A tribunal has heard that a school hid its rowdier pupils in squash courts to keep them out of sight during an Ofsted inspection.

A former teacher at Berwick Academy, Ged Thomas, revealed the arrangement as part of his unfair dismissal claim against the secondary school. An employment tribunal decided in favour of Mr Thomas and ruled that the maths teacher was wrongfully dismissed following the school’s “deeply flawed” internal disciplinary investigation.

The 44-page judgment said: “He [Mr Thomas] received text messages from a colleague and parents saying certain pupils, who were known for misbehaving, had been removed from lessons to the squash courts out of sight of the inspection team. Hiding children from Ofsted inspectors would almost certainly amount to concealment of information which tends to show relevant failures. That for him was the last straw. He formally raised his concerns to Ofsted through their online schoolteachers portal, whilst sitting in his car. These clearly were protected disclosures. He later received requests for further information from Ofsted and the DfE.”

The academy had claimed that the “sole reason” for Mr Thomas’ dismissal was his social media posts about the school, which it said were derogatory or offensive.

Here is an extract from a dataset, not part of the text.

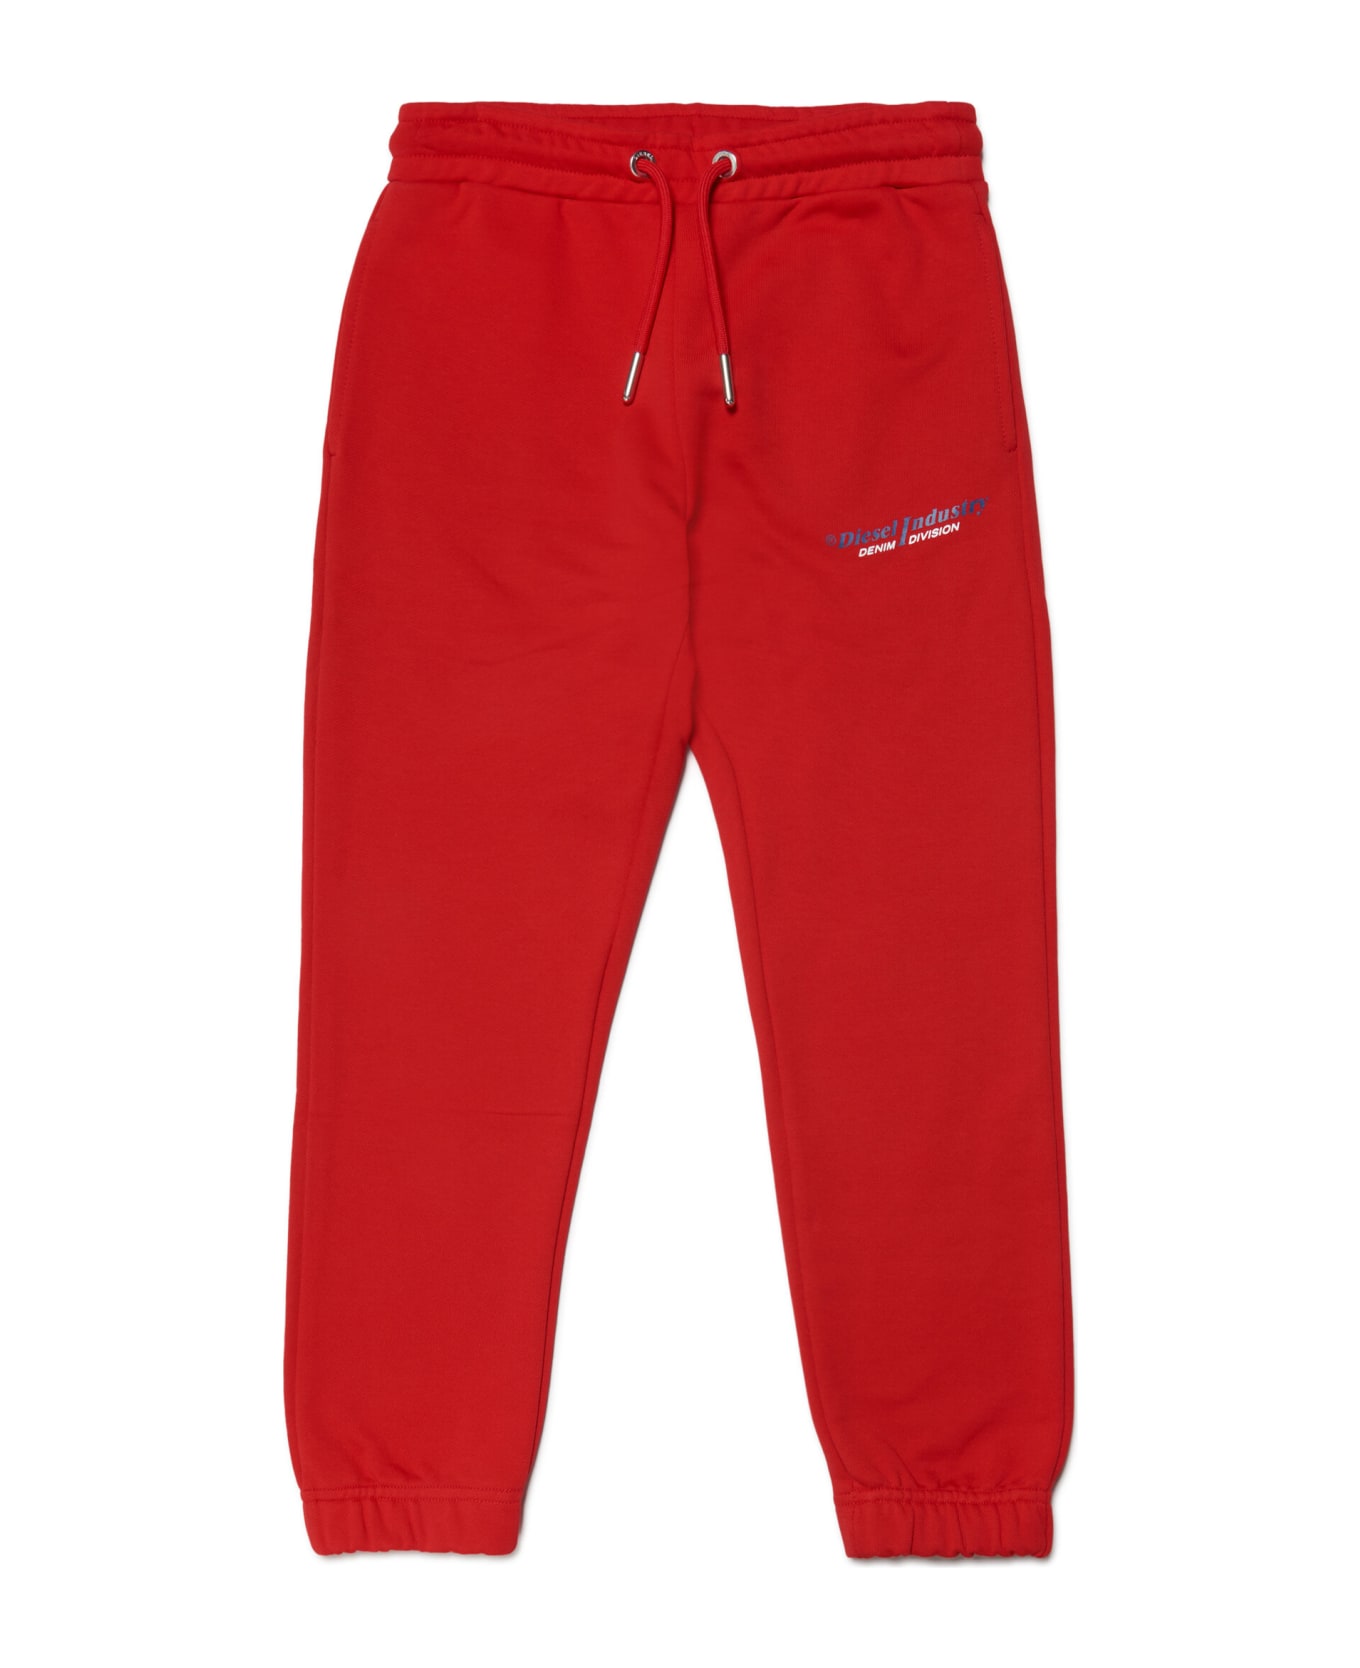 Diesel Pvenusind Trousers gris Diesel Red Fleece Pants With Diesel Industry Logo - Carnation red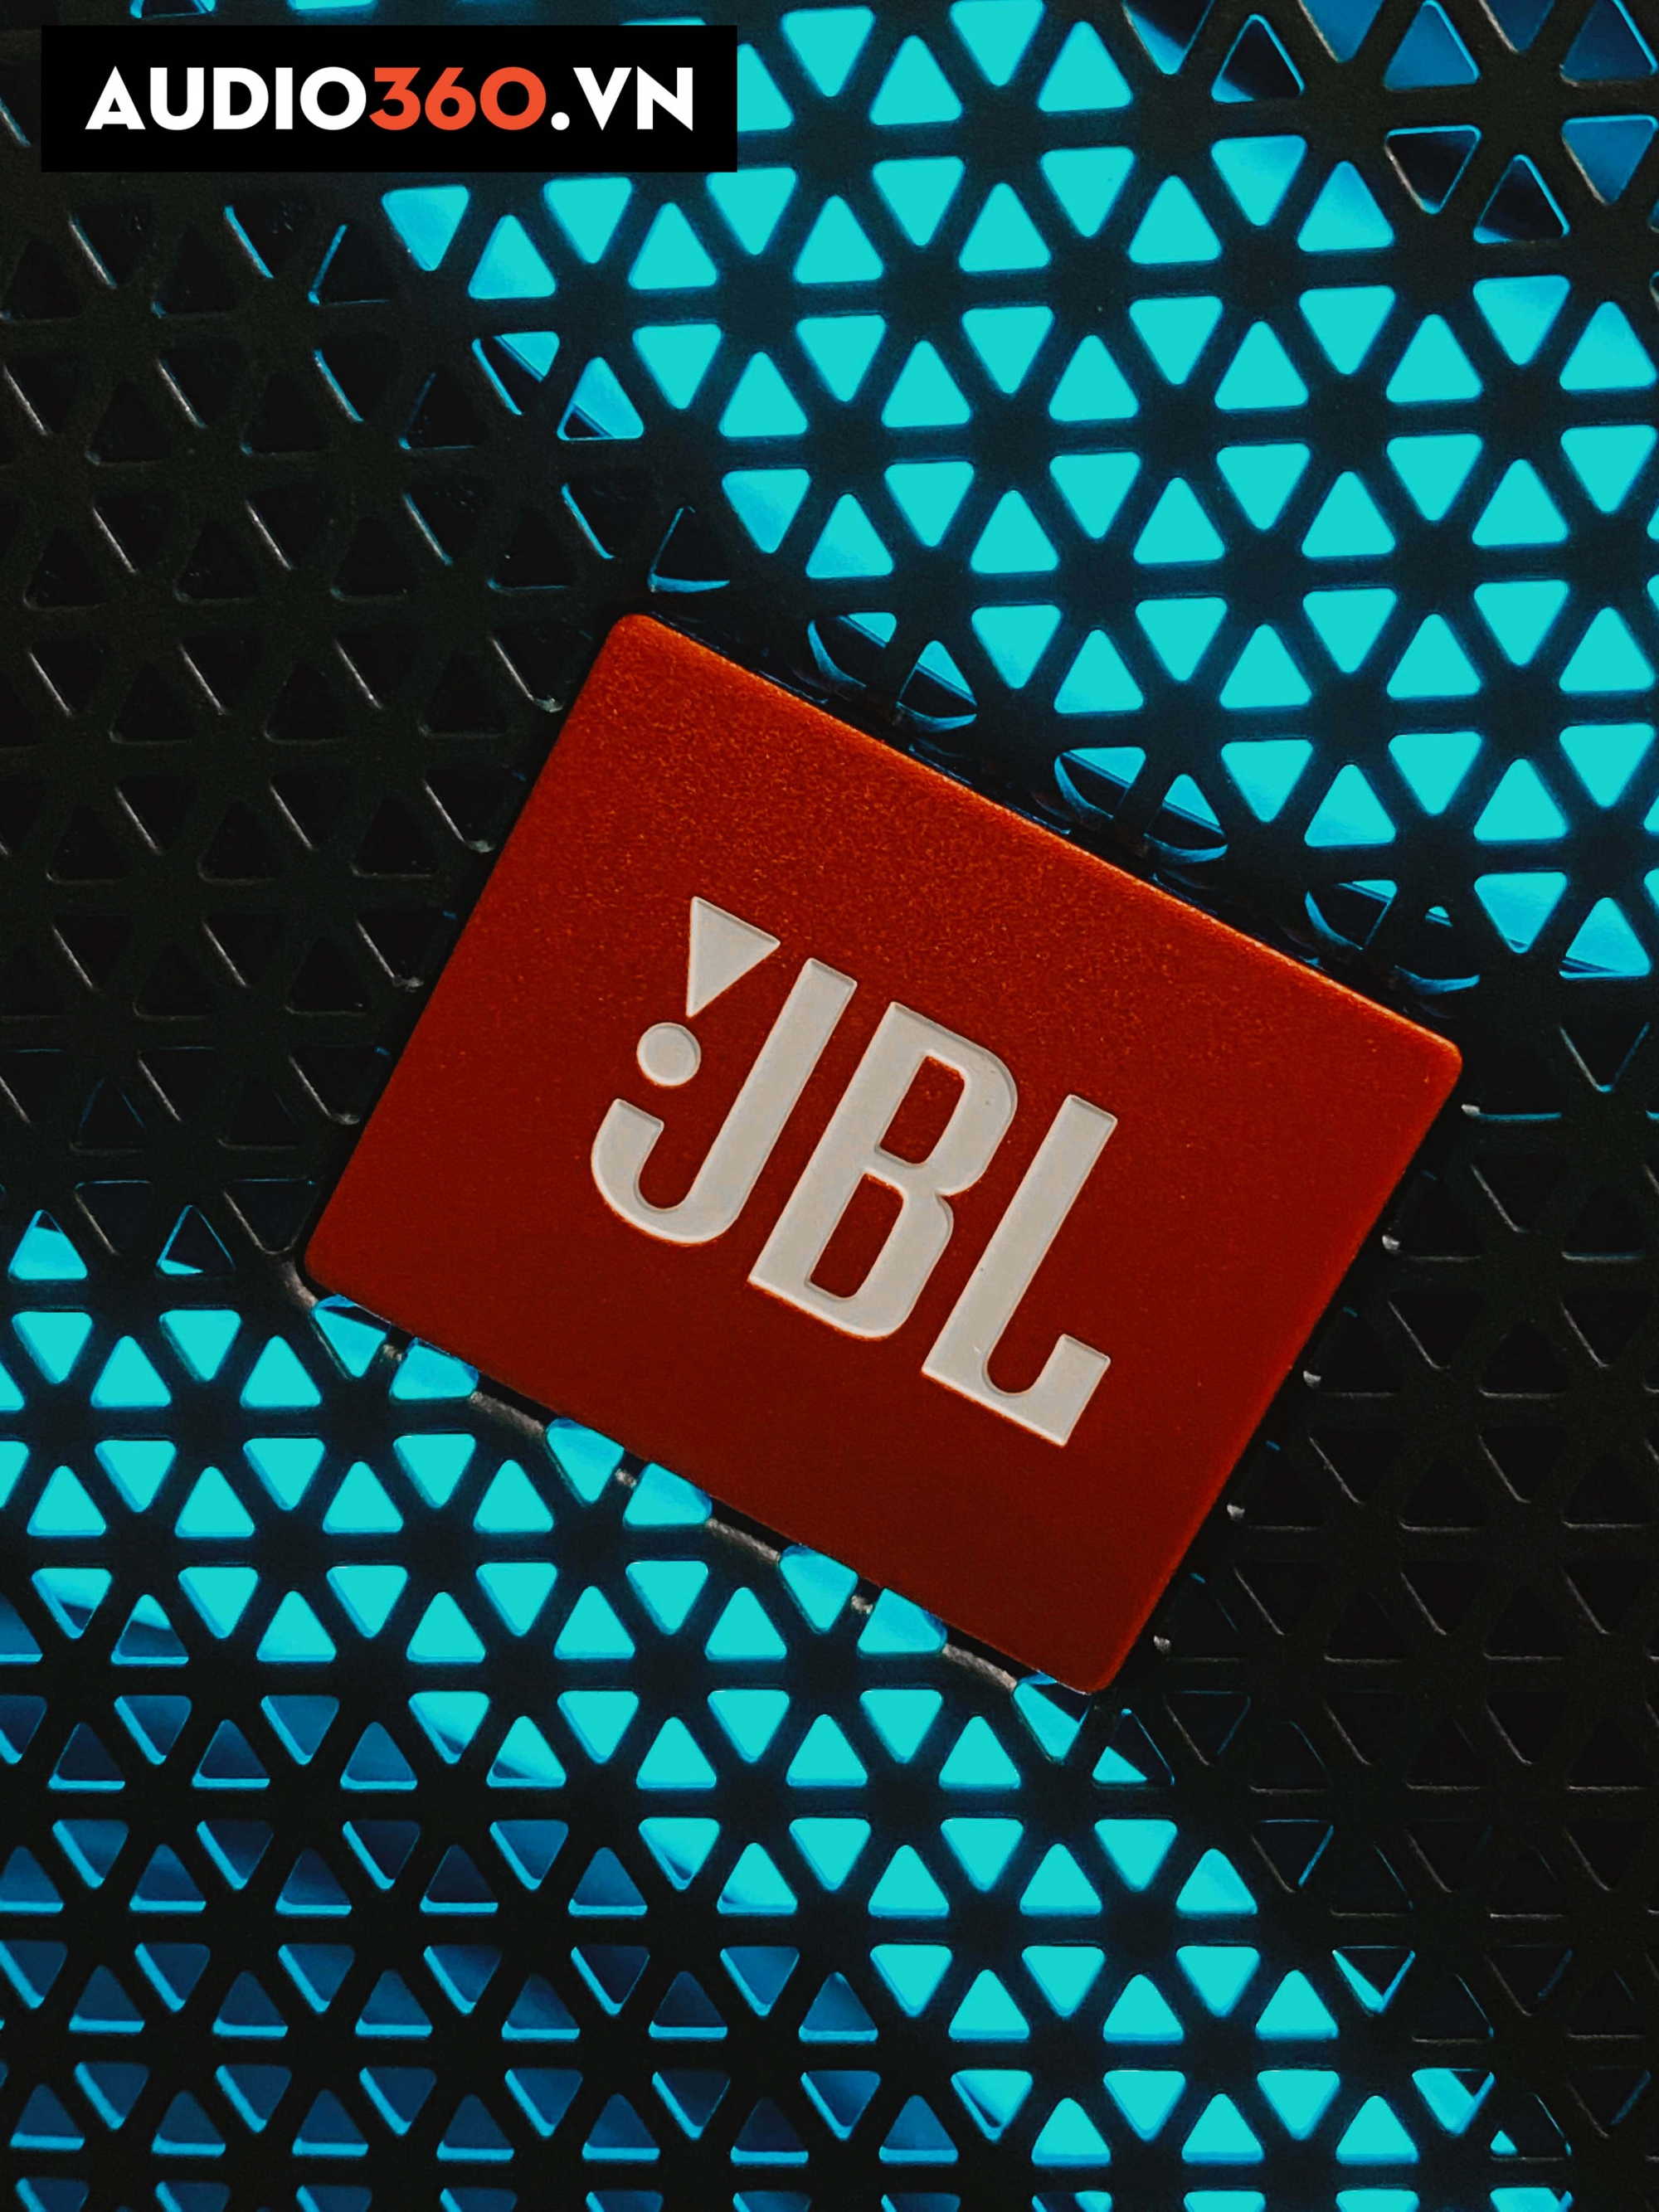 JBL là có đa dạng dòng loa bluetooth phục vụ cho mọi nhu cầu âm nhạc.

But the panel said the school’s codes of conduct on social media use and whistle-blowing was “so complex it was inevitable there would be disagreement on whether they were complied with fully” and concluded that making the negative social media comments had not been an “indication of any disloyalty”.

In conclusion, employment judge Tudor Garnon stated: “The respondent has not proved on the balance of probabilities the claimant was guilty of gross misconduct because any breach of lawful and reasonable instructions was not an indication of his disloyalty to, or wish to harm, the academy as such.”

Judge Garnon upheld Mr Thomas’ claims for unfair dismissal, wrongful dismissal, compensation for untaken annual leave, and breach of contract relating to missing property, though claims over unlawful deductions of wages were dismissed.

Compensation is expected to be determined at a later hearing.